|Ph.D Student||Ginzburg Pavel|
|Subject||Nano-Photonic Devices based on Modified Light-Matter|
|Department||Department of Electrical Engineering||Supervisor||Professor Meir Orenstein|
|Full Thesis text|
The nowadays challenges in micro-electronics and photonics are partially directed to increase the speed of devices and reduce their physical dimensions and operation power. The current micro-electronic technology achieved significant progress in high-scale integration and miniaturization reaching the dimensions of electron de Broglie wavelength. However, the modulation speed of electronic components is rapidly approaching the electronic bottleneck accompanied by increased power dissipation. On the other hand, photonic components may operate in dozens of THz frequency range with negligible power losses, however the miniaturization of photonic circuits is virtually limited by diffraction to the scale of optical wavelengths.
Here we investigate the possible interface between electronic components and photonic devices, based on plasmonic circuits, and one of their important applications - metamaterials.
Dielectric-metal interface supports surface waves called Surface Plasmon Polaritons (SPPs).

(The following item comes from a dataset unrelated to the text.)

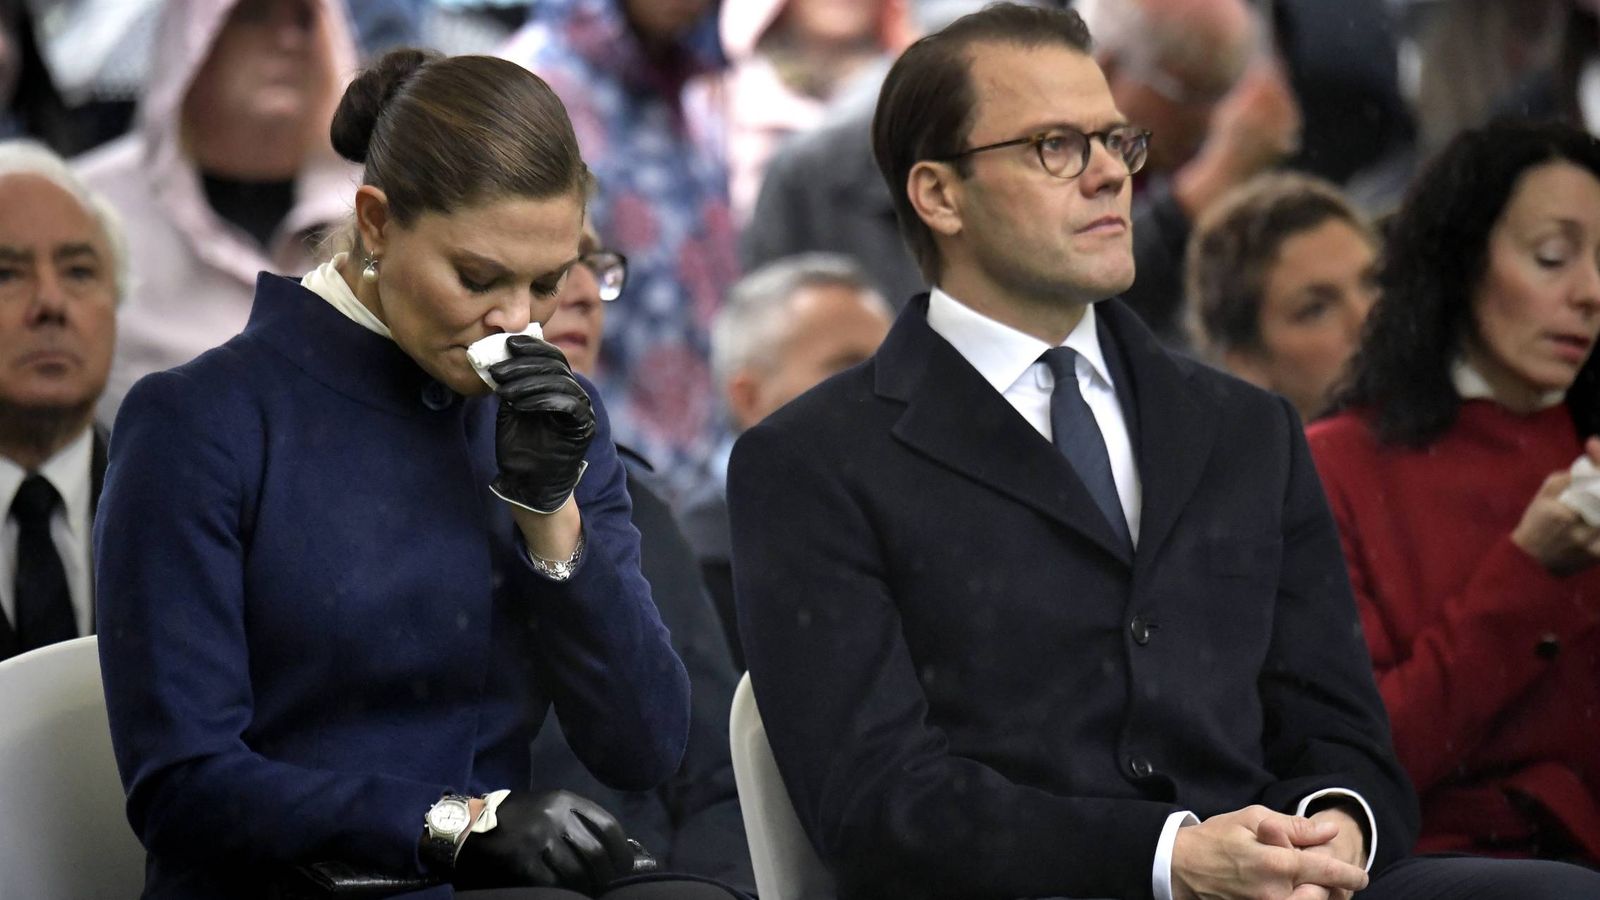 Foto: Victoria de Suecia junto a su marido, el príncipe Daniel, sin poder contener las lágrimas. (Cordon Press)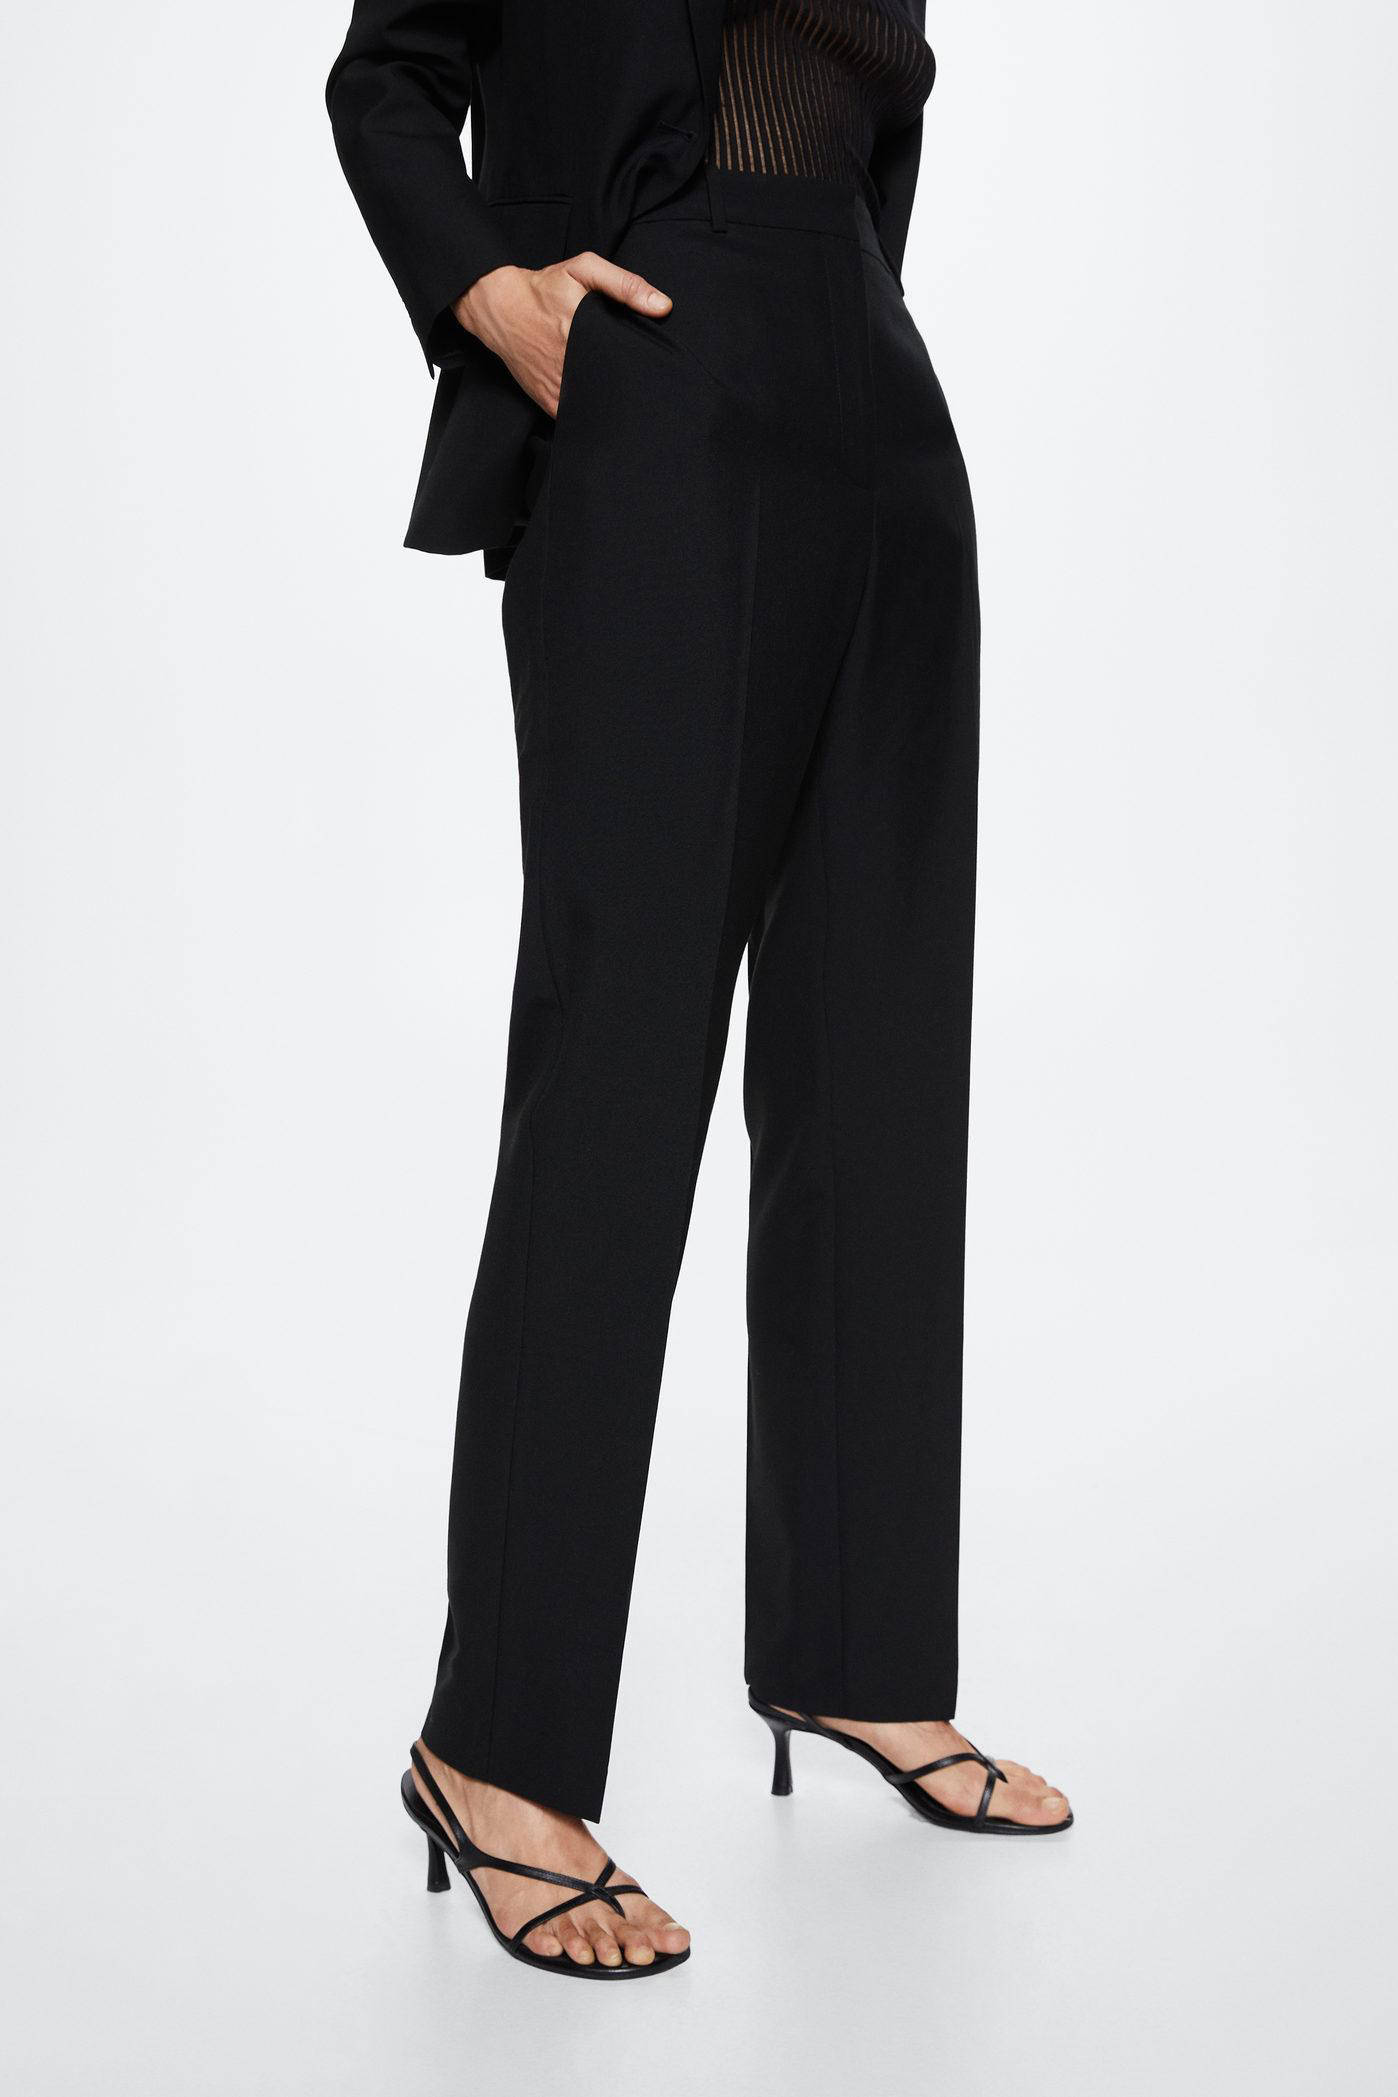 Gibierre Donna GBR Wollen broek zwart casual uitstraling Mode Broeken Wollen broeken

SPPs are not obeying diffraction limit of light, and may be confined on the nano-scale. We demonstrated both theoretically and experimentally the nano-confinement of visible and infrared light in various configurations: waveguide tapering, downscaled radio-frequency-like quarterwavelength transformers, nano-needles excited by plasmonic planar lenses, and pairs of coupled nano-antennas. Fundamental limits of plasmonic confinement were tested along with the investigation of a new type of inherent ponderomotive nonlinearity. New types of plasmonic particles with widely-tunable resonances were investigated together with a new algorithm for the generation of optimal particle shapes. Such particles may serve as building blocks for new materials - metamaterials.
Metamaterials are artificial electromagnetic multi-functional materials engineered to satisfy the prescribed requirements. One of the outstanding examples is materials with negative refraction index. Our original proposal is to incorporate quantum structures such as quantum wells, wires and dots as inclusions. We demonstrate theoretically all-semiconductor tunable low-loss negative-index metamaterials based on coupled quantum wells and dots and quantum-cascade based active plasmonics. Moreover, we proposed electrically-controlled metamaterials for light slowing and phasematching in nonlinear optics. Incorporation of active elements within metamaterials may not only significantly improve their performances, but also lead to investigation of very efficient sources of radiation, for example, entanglement. We theoretically proposed and experimentally demonstrated a novel process of semiconductor two-photon emission. The basic phenomenon, incorporated with photonic structures, such as Bragg and photonic crystal cavities may lead to the generation of entangled and hyper-entangled photon pairs. Coherently controlled semiconductor structures were proposed to detect such states, and together with the novel sources they open new horizons for all-semiconductor room-temperature quantum communication technologies.